▶ Given records

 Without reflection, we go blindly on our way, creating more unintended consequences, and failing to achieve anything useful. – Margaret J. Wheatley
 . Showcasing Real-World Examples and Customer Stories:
---
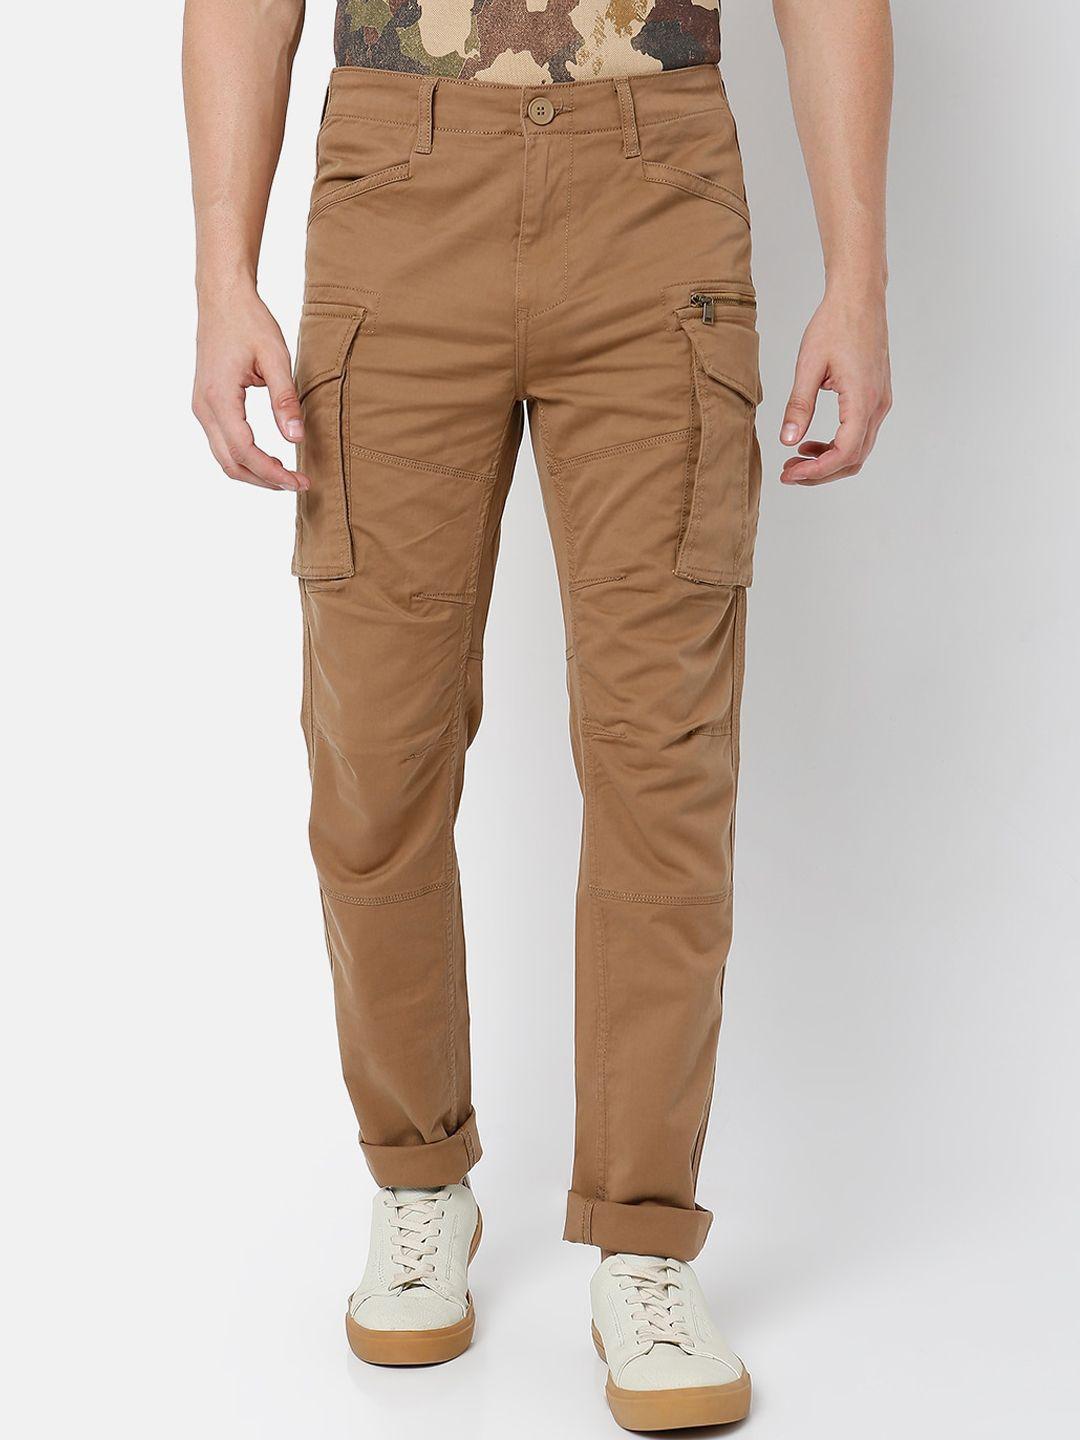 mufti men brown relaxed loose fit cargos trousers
...
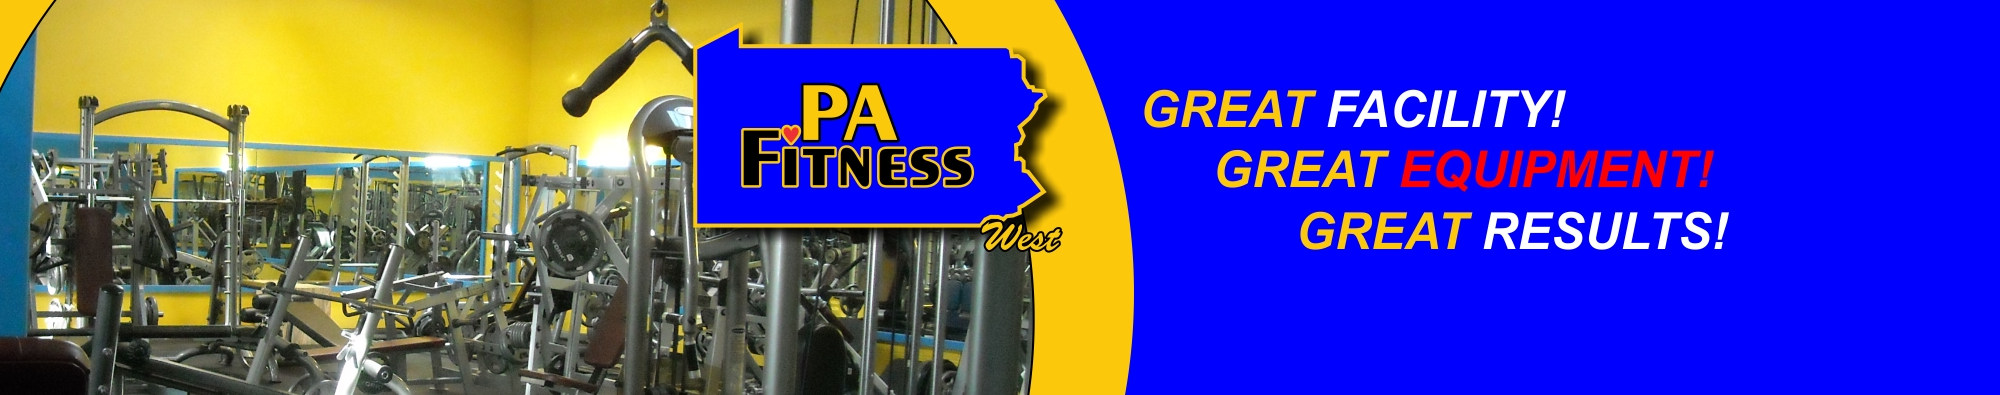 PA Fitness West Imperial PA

▶ To do
From the entries above, write out only the lines starting at the line that holds "Without reflection, we" and ending at the line that holds "Showcasing Real-World Examples", keeping both and matching them exactly.

▶ Response box
 Without reflection, we go blindly on our way, creating more unintended consequences, and failing to achieve anything useful. – Margaret J. Wheatley
 . Showcasing Real-World Examples and Customer Stories:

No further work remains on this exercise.